Dual processor, AMD 64 machine freezing.
braukmann at tse-online.de
Mon Feb 2 03:45:33 PST 2004
--On Sonntag, 1. Februar 2004 16:53 Uhr -0800 David O'Brien <obrien at freebsd.org> wrote:
> On Mon, Feb 02, 2004 at 12:51:34AM +0100, Andreas Braukmann wrote:
>> > P.S. For best performance, I think you really want to run 4x 512 MB.
>> > Running with two DIMMs means either you only get 64-bit memory access (not
>> > 128-bit) or else you need to put both DIMMs into the CPU1 memory slots
>> > (which means CPU2 will have to access those through hypertransport).
>> That's theory. ;-)
>> Since the allocators don't know about the numa-like architecture
>> memory would be accessed through hyptertransport (statistically)

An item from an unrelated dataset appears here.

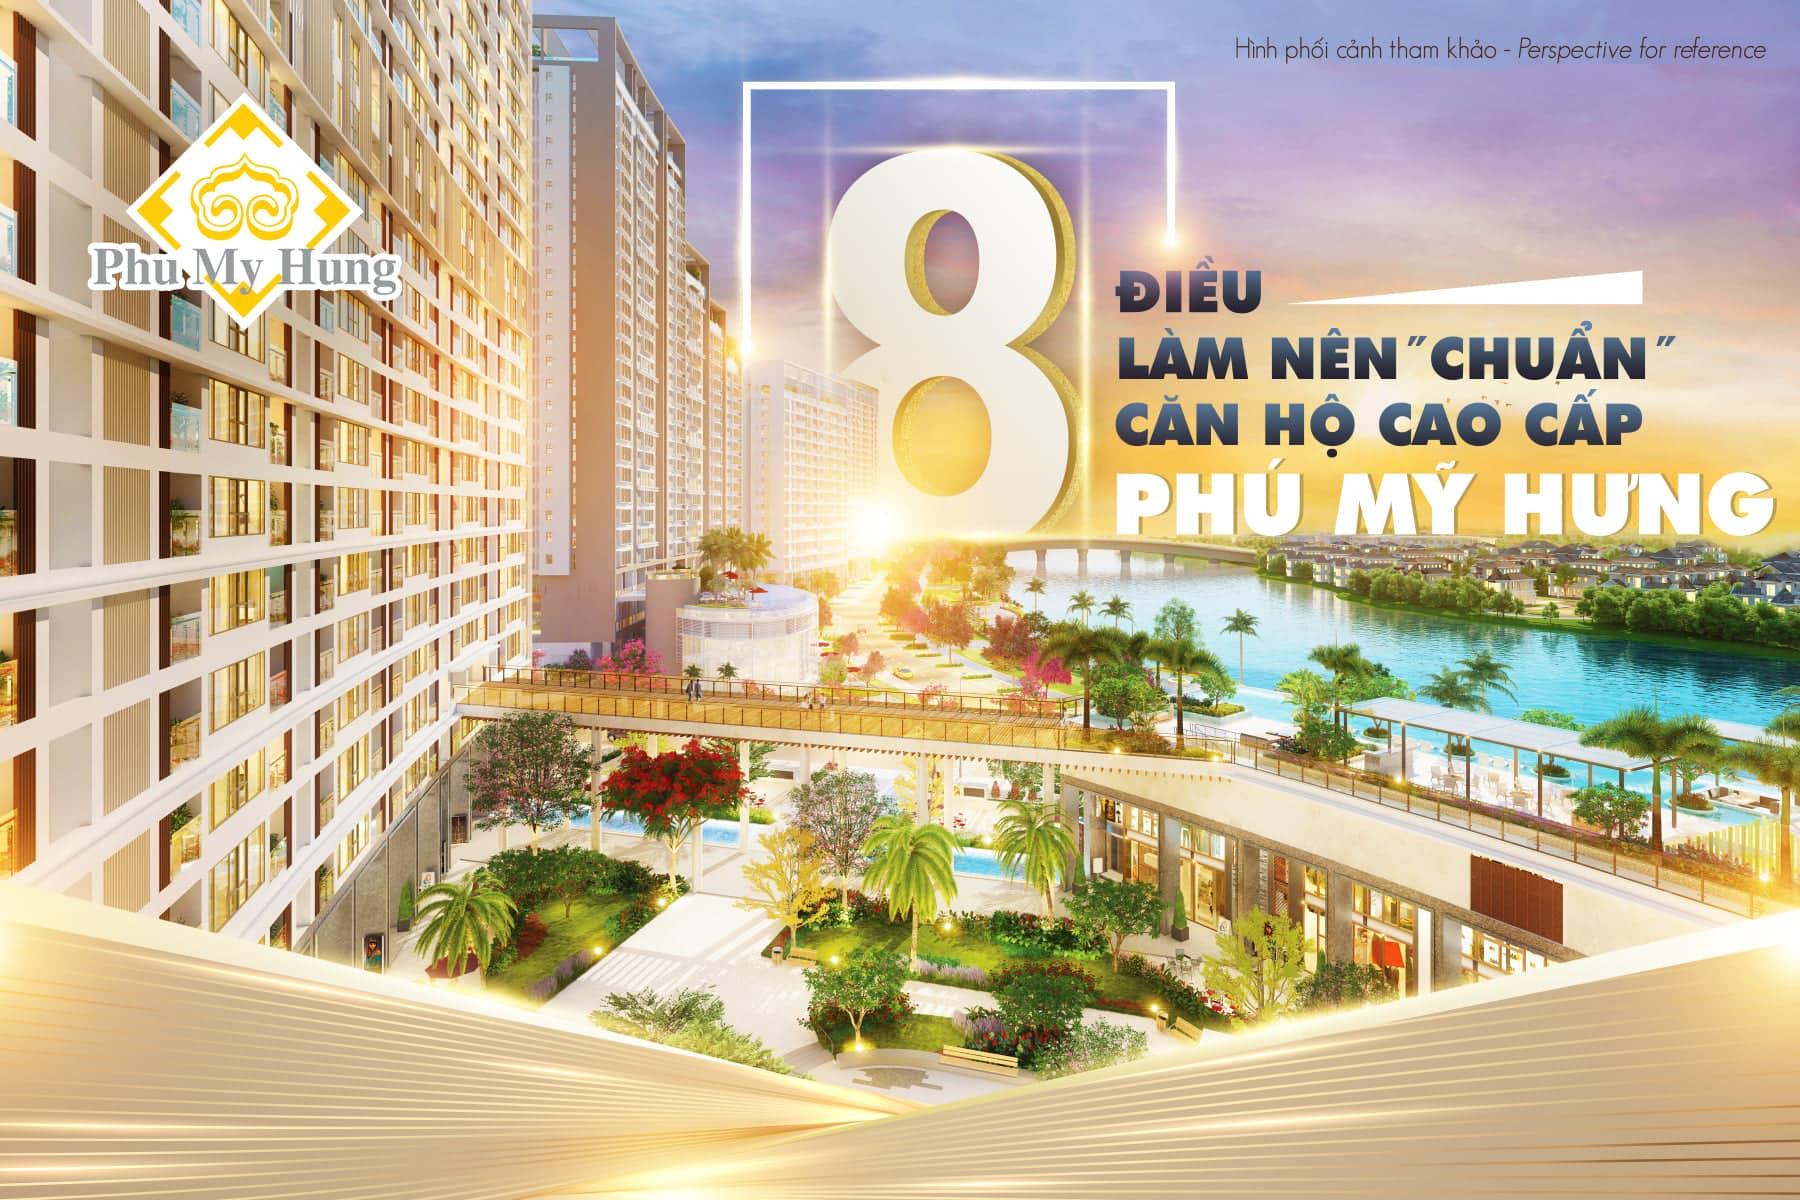 8 điều làm nên chuẩn căn hộ cao cấp Phú Mỹ Hưng 1

>> more or less "half of the time". (CPU0 ---> HT ---> MEM1 ;
>> CPU1 ---> HT ---> MEM0)
> Its not theory, its fact -- even w/o a NUMA aware OS. Statistically, 1/2
> the accesses by a CPU are to local memory, 1/2 to distant memory. If you
> put all them memory on a single CPU then you've got two processors trying
> to access memory, saturating the memory controller on the single CPU with
> memory -- thus giving you less BW.
You are right, of course.
I have two nearly identical systems. One is equipped with two 1 GByte
Dimms both connected to CPU0, the second is equipped with four 512 MByte
Dimms (2 at CPU0 and 2 at CPU1). My "real world" benchmarks (no micro-
benchmarking involved) showed, that the system with memory on both CPUs
performs minimal better (<< 5%) than the system having its complete RAM
on one CPU.
Choosing a configuration that allows to make use of both memory controller
channels (even using only one CPU's controller) pays of significantly
(20% - 30%).
Especially for the K8S (having only 4 + 2 DIMM-slots) I would rather
buy 2 * 1 GByte Dimms (to be able to simply add two more).
> Your diagram above leaves out the memory controller (and its request buffer).
Point taken. My remark was over simplified and not to the point.